José Calado

Personal information
- Full name: José António Calado da Silva
- Date of birth: 1 March 1974 (age 52)
- Place of birth: Lisbon, Portugal
- Height: 1.79 m (5 ft 10 in)
- Position: Central midfielder

Youth career
- 1987–1988: Belenenses
- 1988–1989: Casa Pia
- 1989–1990: Belenenses
- 1990–1991: Casa Pia

Senior career*
- Years: Team / Apps / (Gls)
- 1991–1992: Casa Pia
- 1992–1995: Estrela Amadora / 53 / (3)
- 1995–2001: Benfica / 138 / (4)
- 2001–2004: Betis / 20 / (1)
- 2003–2004: → Poli Ejido (loan) / 30 / (8)
- 2004–2007: Poli Ejido / 70 / (7)
- 2007–2008: APOP / 26 / (3)
- 2008–2010: AEP / 39 / (2)
- Total:  / 376 / (28)

International career
- 1994–1996: Portugal U21 / 14 / (2)
- 1996: Portugal U23 / 6 / (2)
- 1995–1998: Portugal / 4 / (0)

= José Calado =

Portuguese footballer

José António Calado da Silva (born 1 March 1974), known as Calado, is a Portuguese former professional footballer who played as a central midfielder.

After coming to prominence in his home country with Benfica, he spent the rest of his 19-year career with two teams in Spain and two in Cyprus.

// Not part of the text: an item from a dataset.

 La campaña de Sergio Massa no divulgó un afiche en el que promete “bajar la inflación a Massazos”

He amassed Primeira Liga totals of 184 games and seven goals over eight seasons.

==Club career==
Calado was born in Lisbon. He started his career with local Casa Pia AC, representing C.F. Estrela da Amadora and S.L. Benfica afterwards and reaching international status with the latter club.

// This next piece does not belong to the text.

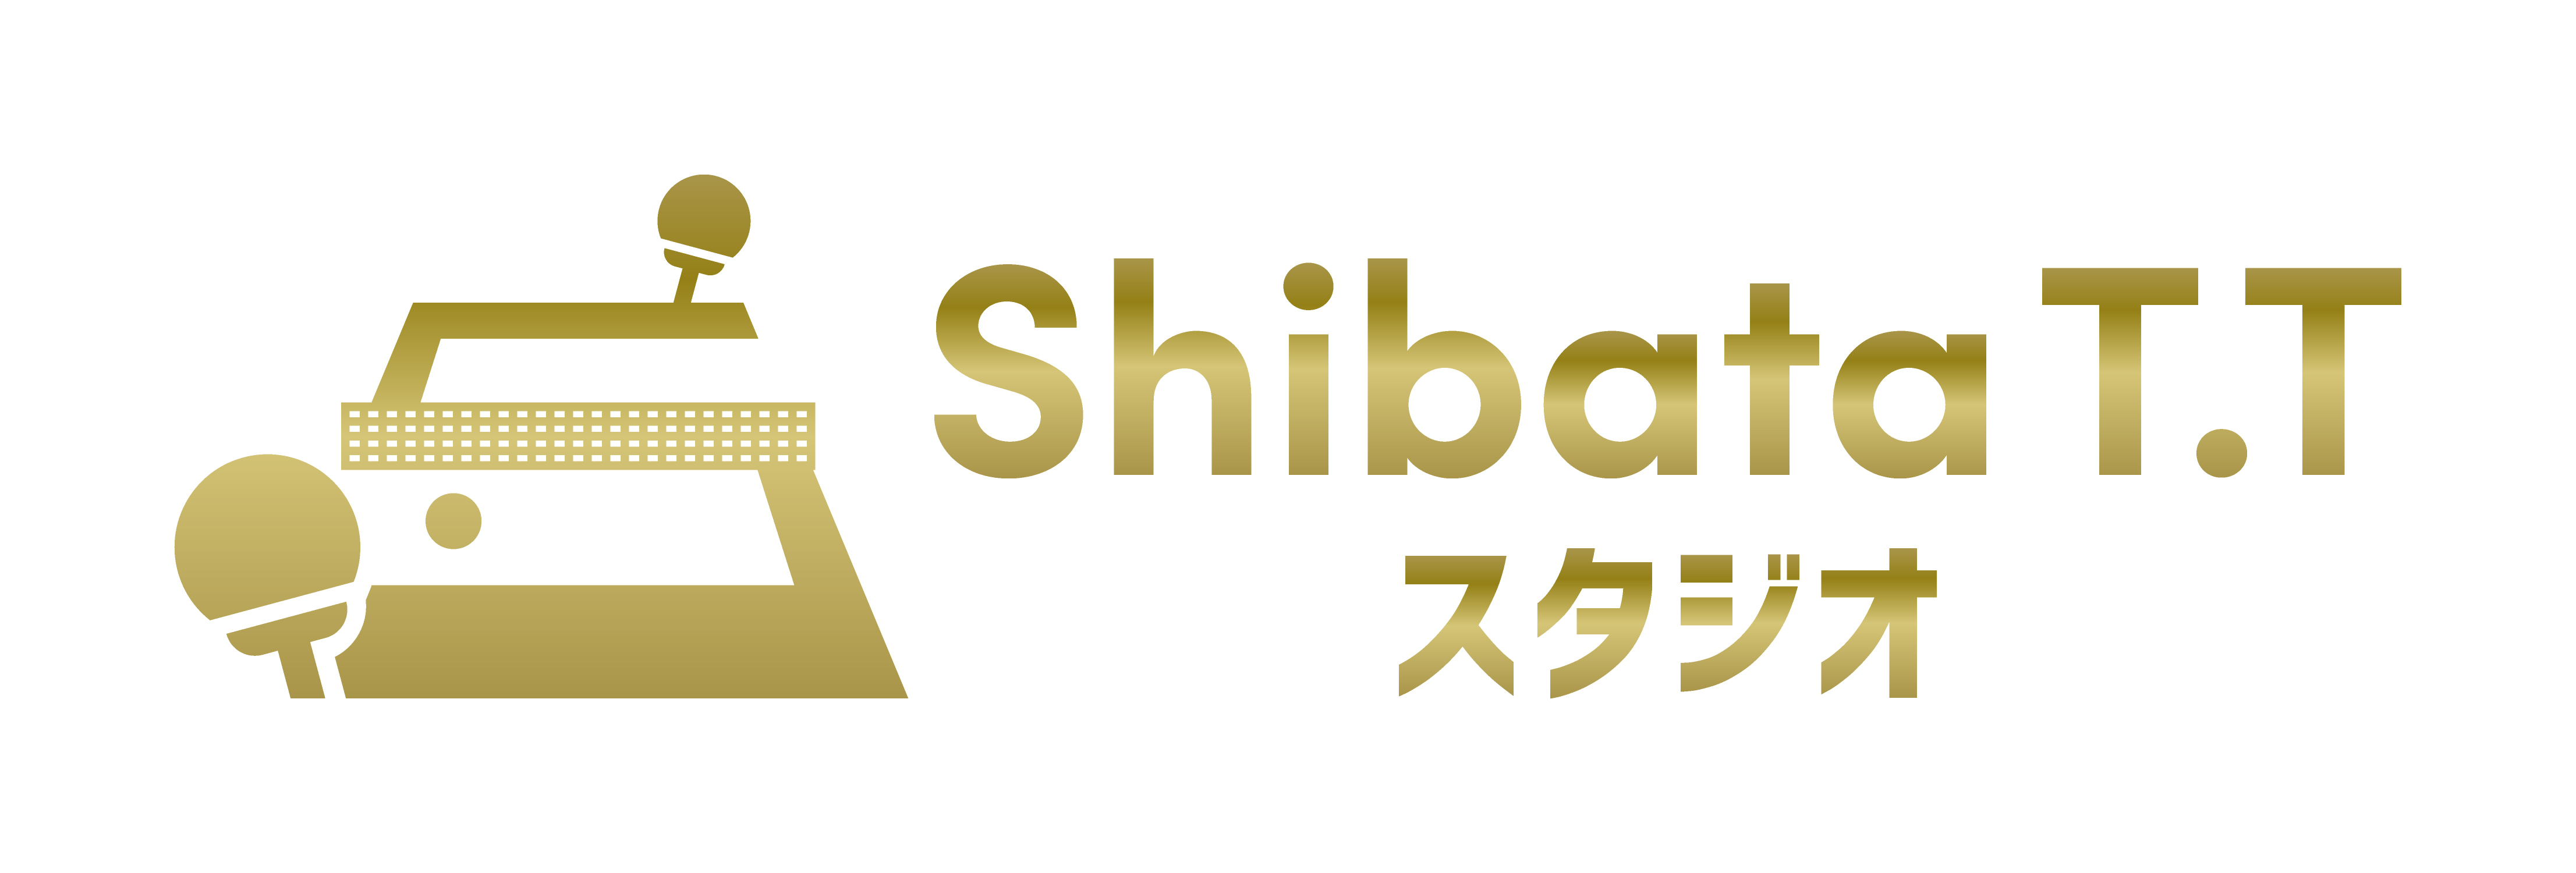 愛媛県松山市の卓球スクール・卓球場『ShibataT.Tスタジオ』

In the summer of 2001, Calado signed for La Liga side Real Betis alongside his teammate João Tomás, but both failed to settle, with the midfielder only totalling 22 competitive matches in two seasons. He spent 2003–04 on loan to Segunda División team Polideportivo Ejido, and the move was subsequently made permanent.

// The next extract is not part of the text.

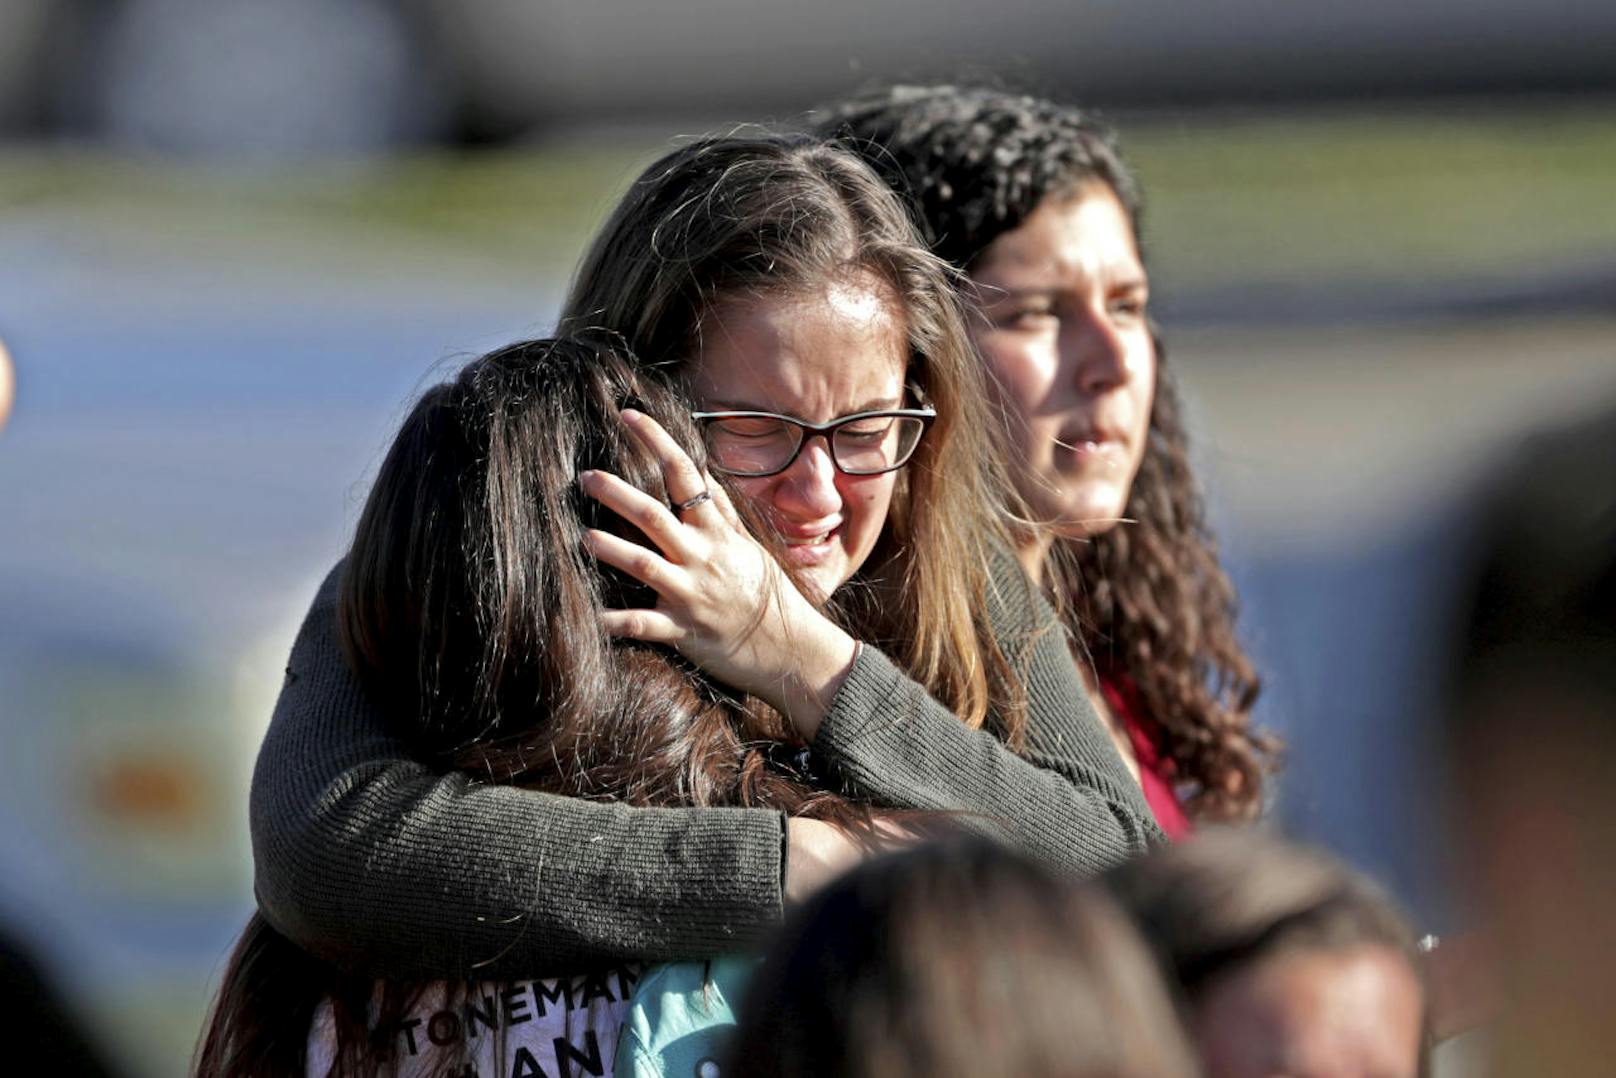 Bei einem Amoklauf an einer Schule im US-Bundesstaat Florida wurden 17 Menschen getötet, Dutzende weitere verletzt.

After 102 overall appearances with 15 goals (he missed the entire 2006–07 campaign due to injury), Calado moved to Cyprus, first with APOP Kinyras FC, joining AEP Paphos FC for 2008–09. He featured regularly for both clubs during his Cypriot First Division spell, leaving the latter in early 2010 and retiring at age 36.

==International career==
Calado won four caps for the Portugal national team in three years. He also represented the nation at the 1996 Summer Olympics.